Something to think about...

...the dignity and importance of the smith's art is at once apparent. While others besides him use hammers, it is to the smith that they all must go for their hammers.

-Richardson

Wednesday, December 19, 2007

The Polished Edge

Here's a quote I found in Richardson's book by a smith of the 19th century. It helps understand clearly the value of polishing the edges of knives and cutting tools.

All cutting and piercing edge-tools operate on the principle of the wedge. A brad-awl furnishes an example which all can readily understand. The cutting edge of the awl severs the fibres of wood as the instrument enters, and the particles are compressed into a smaller compass, in the same manner as when a piece of wood is separated by a wedge. A chisel is a wedge in one sense; and an ax, drawing knife, or jack-knife is also a wedge. When a keen-edged razor is made to clip a hair or to remove a man’s beard, it operates on the principle of the wedge.

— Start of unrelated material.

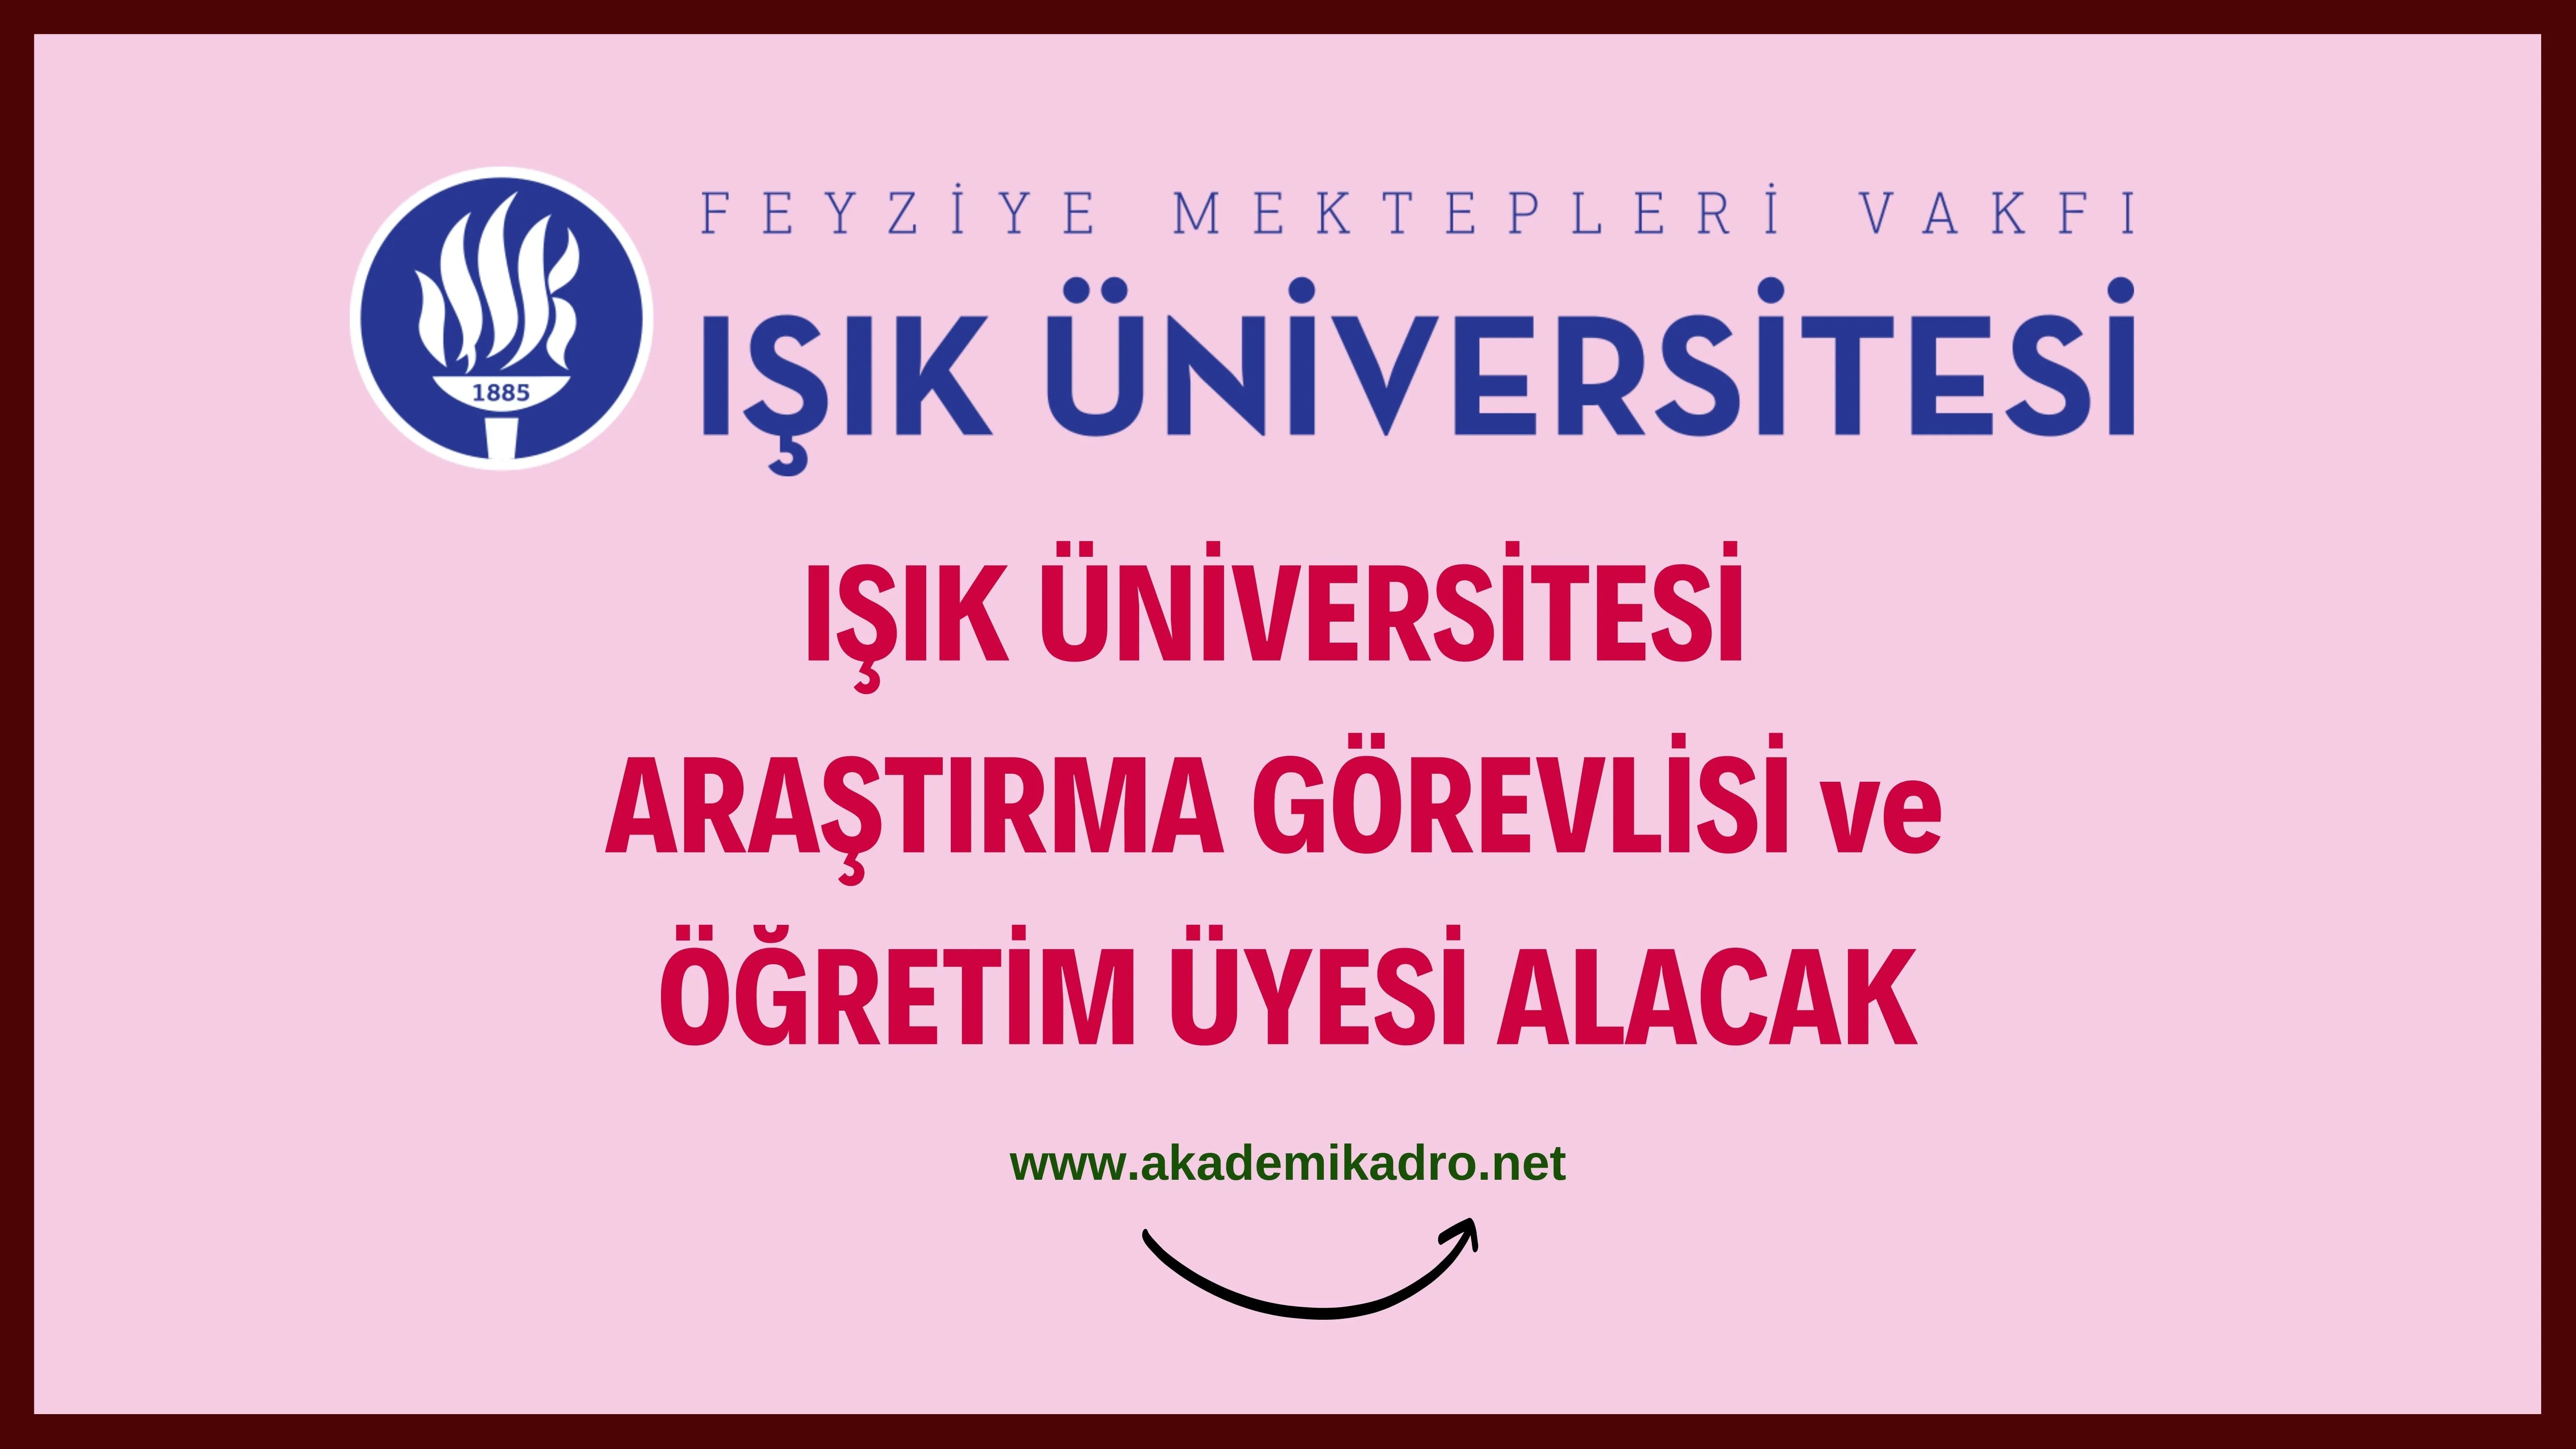 Işık Üniversitesi 2 Araştırma görevlisi ve öğretim üyesi alacak.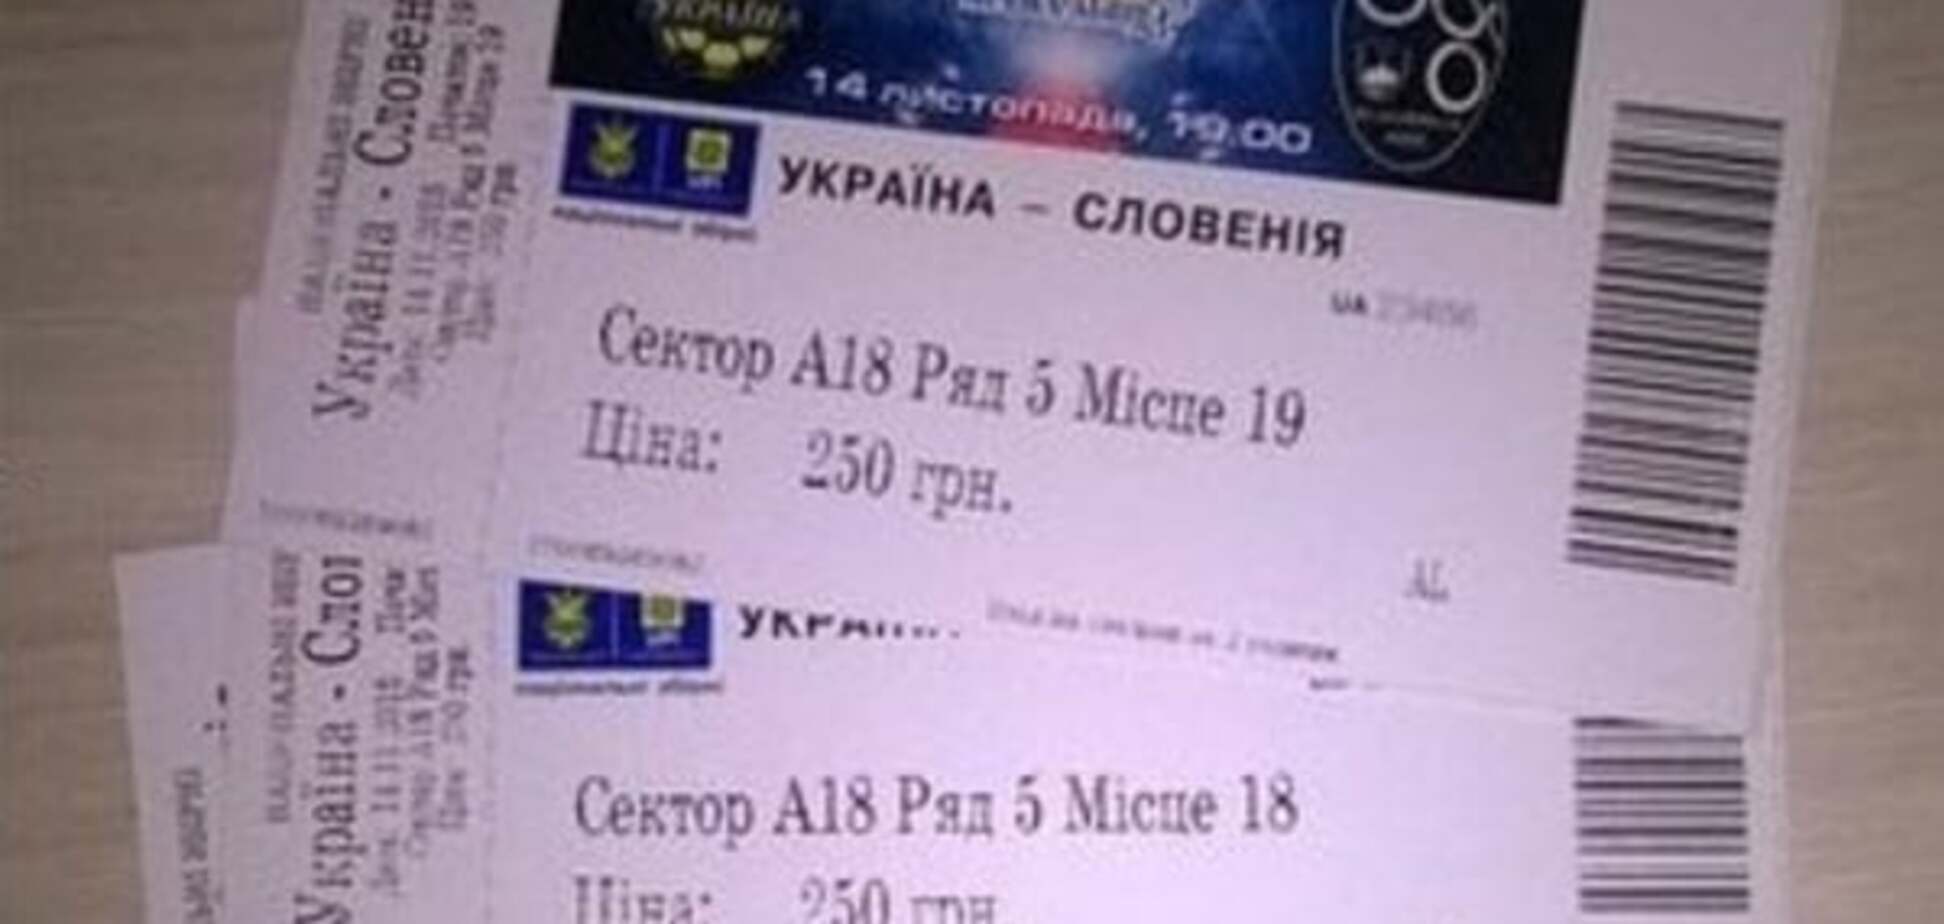 Появились дополнительные билеты на матч Украина - Словения

Every intelligent mechanic understands that when a wedge is dressed out smoothly, it may be driven in with much less force than if its surface were left jagged and rough. The same idea holds good with respect to edge-tools. If the cutting edge be ground and whet to as fine an edge as may be practicable with a fine-gritted whet-stone, and if the surface back of the cutting edge be ground smooth and true, and polished neatly, so that one can discern the color of his eyes by means of the polished surface, the tool will enter whatever is to be cut by the application of much less force than if the surfaces were left as rough as they usually are when the tool leaves the grindstone. All edge-tools, such as axes, chisels and planes, that are operated with a crushing instead of a drawing stroke, should be polished neatly clear to the cutting edge, to facilitate their entrance into the substance to be cut.